I’m porting an application from OptiX 5.1.0 to OptiX 6.0.0 and running into stack overflow errors with setMaxTraceDepth. If I disable RTX and use the old setStackSize function, it works. When I enable RTX and use setMaxTraceDepth/setMaxCallableProgramDepth, I keep getting stack overflows. At the moment I’m debugging with a minimal test case that casts a single ray per thread, and then may cast a single shadow ray from the closest hit program (though code to iteratively cast more rays is still present). The code does not currently use callable programs.

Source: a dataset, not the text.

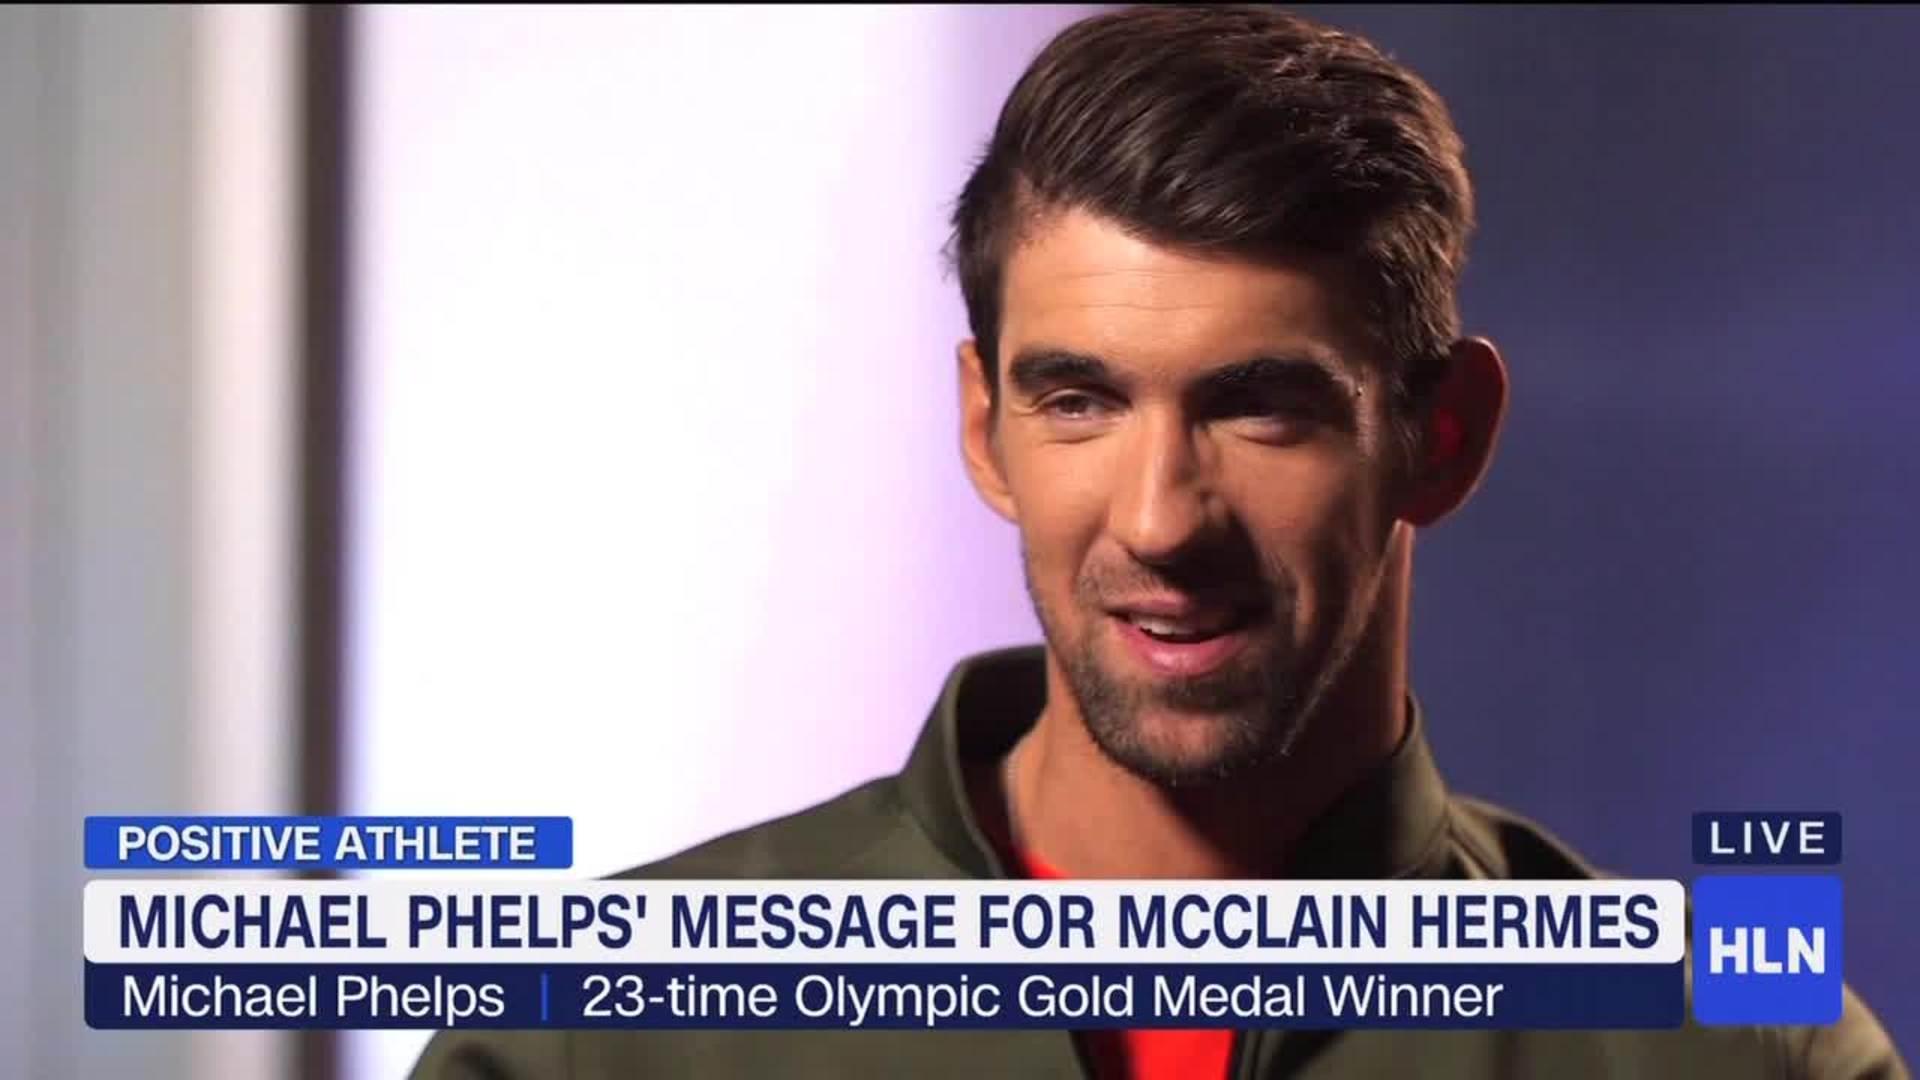 Positive Athlete: McClain Hermes - CNN Video

I’ve tried numerous values from 0 to 31 for setMaxTraceDepth, and several combinations with setMaxCallableProgramDepth, but I keep getting stack overflow exceptions. If I use 32 for setMaxTraceDepth, I get the following error: “Encountered a rtcore error: m_exports->rtcPipelineCreate( context, pipelineOptions, compileOptions, modules, moduleCount, pipeline ) returned (1): Invalid value)”.
Looking at the usage report, I see the direct and continuation stack sizes for the various optix programs. I would think that the total stack size should be at least rayGenContinuationStack + closestHitContinuationStack * MaxTraceDepth. Which would make the total stack larger than my directly-specified non-RTX stack.

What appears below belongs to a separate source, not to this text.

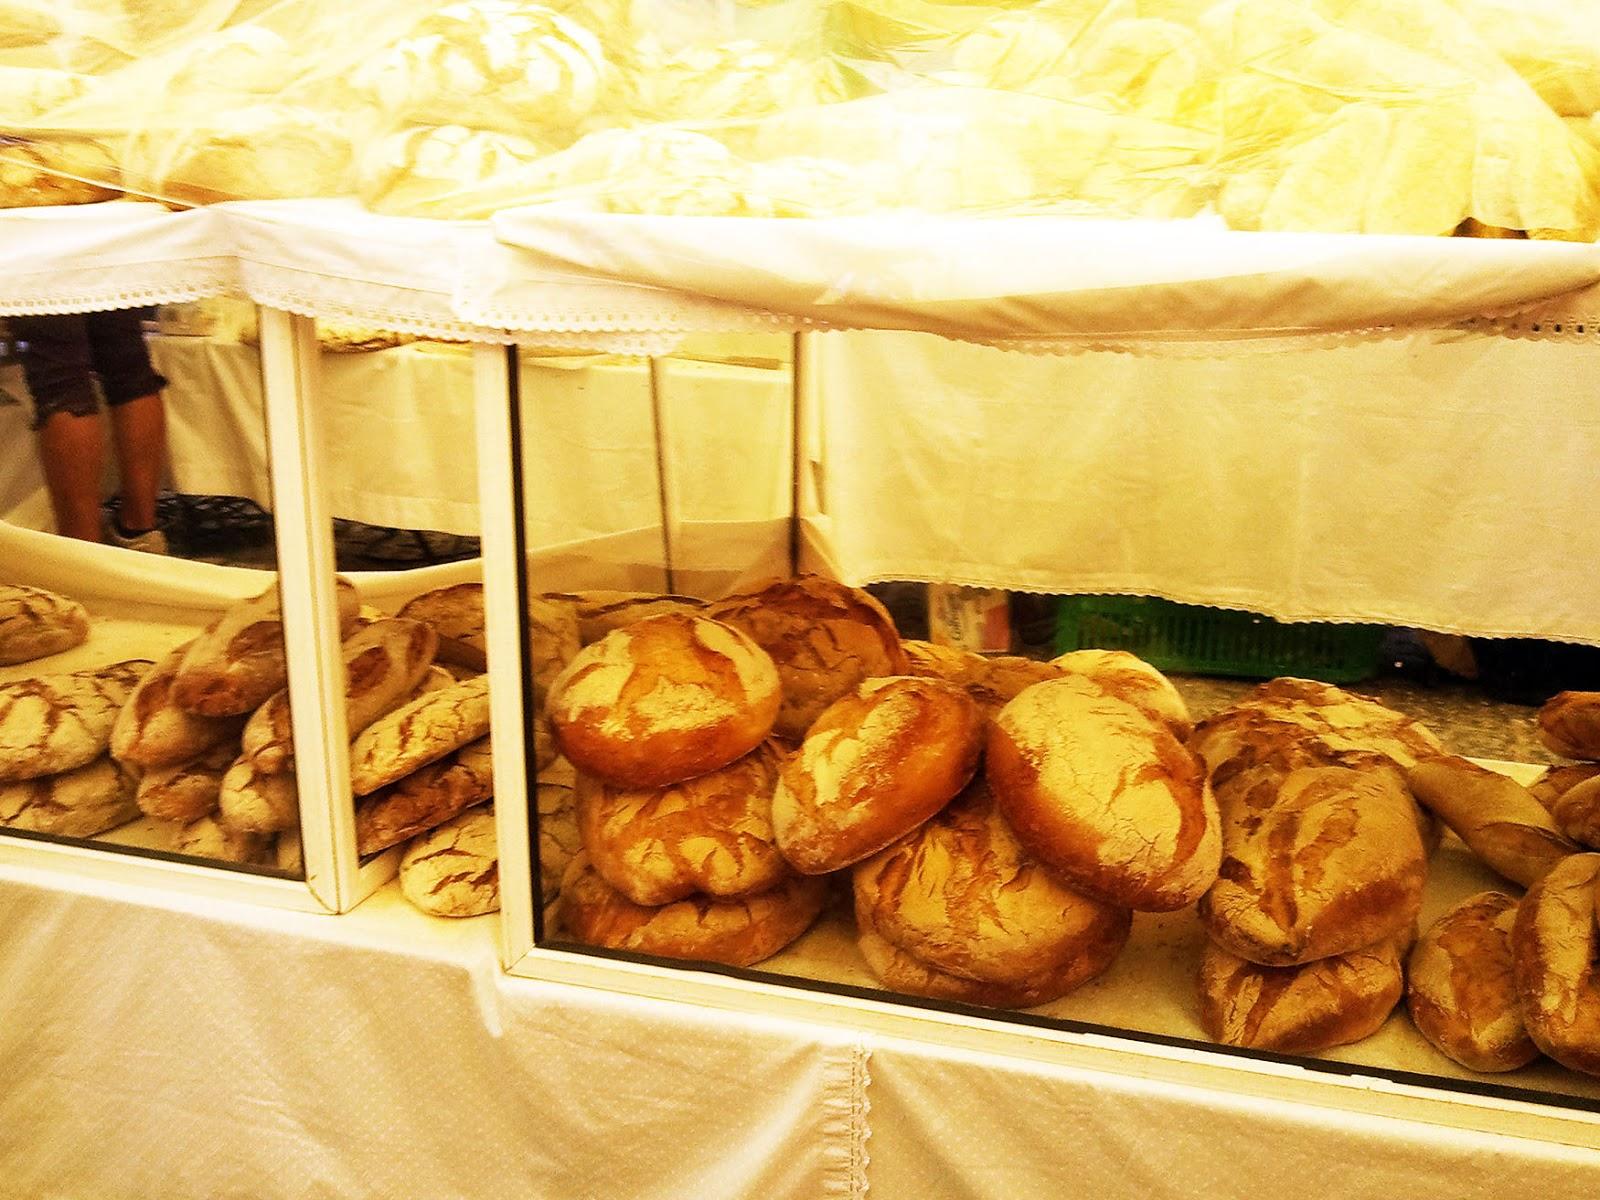 Banca de pão

Attempting to troubleshoot this has raised some questions:
1.) What conditions can generate a stack overflow exception? Is it only thrown when the program’s stack usage exceeds the allocated stack size, or could other conditions like requesting too much stack generate the exception?
2.) Are the various stack sizes computed from the optix programs used with the max trace depth to create a single total stack size which can be meaningfully compared with the legacy stack size?
3.) What does the rtcPipelineCreate error thrown when calling setMaxTraceDepth(32) signify?
4.) Does optix code running in RTX mode use the stack the same way code running in non-RTX mode does?
5.) Do you have any idea why the stack overflow exception keeps occurring regardless of the max trace depth? This code uses large ray payloads and requires a substantial stack, but it’s an iterative path tracer with no real recursion, and in non-RTX mode it stays within stack bounds and runs fine.
Thanks
CUDA 10.0, OptiX 6.0.0
Quadro P2000 (laptop), driver version 419.17
Windows 10, Visual Studio 2015